🕷 zenspider.com

by ryan davis

Looking for the Ruby Quickref?

Flay detecting identical and similar code

Published 2008-11-18 @ 01:01

Tagged flay

I said the following in my previous post about flay:

Soon I will write up why flay kicks towelee [sic], PMD, and everyone else’s tool in the ass… But I think the above is a damn good start.

There are going to be two classes of tools for this type of work: string-based tools and AST-based tools.


Towelie is Giles’ entry into the fray of ruby developer tools. Towelie is an AST-based tool that uses ParseTree to detect duplicate code at the method level.

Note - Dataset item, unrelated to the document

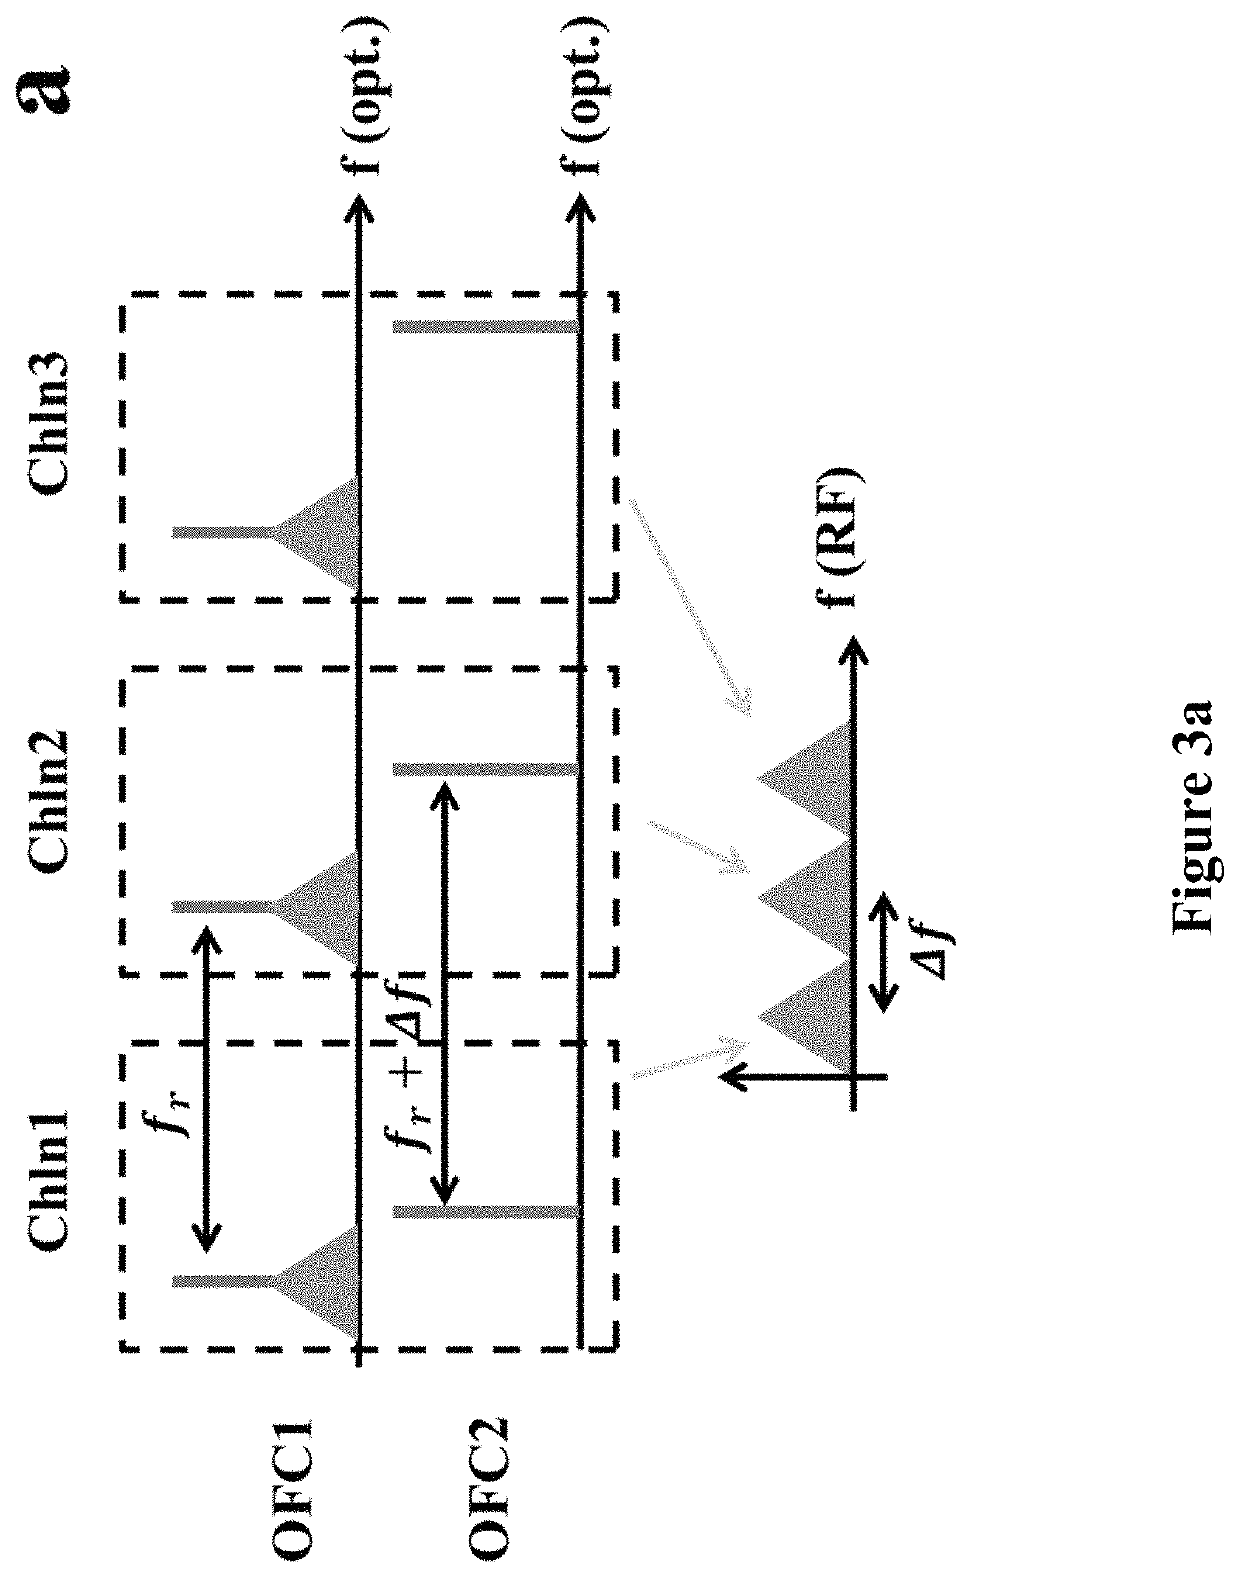 Integrated photonic microwave transceiver system

There aren’t nearly as many available to us rubyists, so it is worth a peek… But, after closer inspection, I just can’t compare the two. Yes, towelie attempts to detect duplicated (but not similar) code, but that is where the similarities end, so the comparison doesn’t seem fair.

Consider it an exercise for the reader.

PMD’s CPD, Simian, Same, etc.

On the CPD page it says that the current version “was rewritten by Steve Hawkins to use the Karp-Rabin string matching algorithm”. In other words, it is a string-based tool. This family of tools have completely different objectives than flay. They’re normalizing whitespace,stripping comments, and looking for duplicate code. That’s great… it actually finds lots and lots of good stuff and I used to use same when starting with new clients.

But… (there is always a but…)

These tools would (could!) NEVER point this out:

  Matches found in :defn (mass = 32)
    A: ../../drawr/dev/lib/drawr.rb:38
    B: ../../png/dev/lib/png.rb:181
  A: def write(file)
  B: def save(path)
  A:   File.open(file, "wb") { |f| f.write(to_s) }
  B:   File.open(path, "wb") { |f| f.write(to_blob) }

especially considering the code is actually written like this:

  def write(file); File.open(file, 'wb') { |f| f.write to_s }; end


  def save(path)
    File.open path, 'wb' do |f|
      f.write to\_blob

This is something that a duplicate code string-based scanner just can’t do. Even the simplest change like {} vs do/end or changing your line wrapping on long conditionals will be missed… lost… ignored.

So, flay has the ability to go beyond simple copy/pasted code and detect real candidates for refactoring. That is something that the java folks don’t seem to have (yet) for some reason. Certainly the foundation set by PMD means it is available, but it isn’t there yet.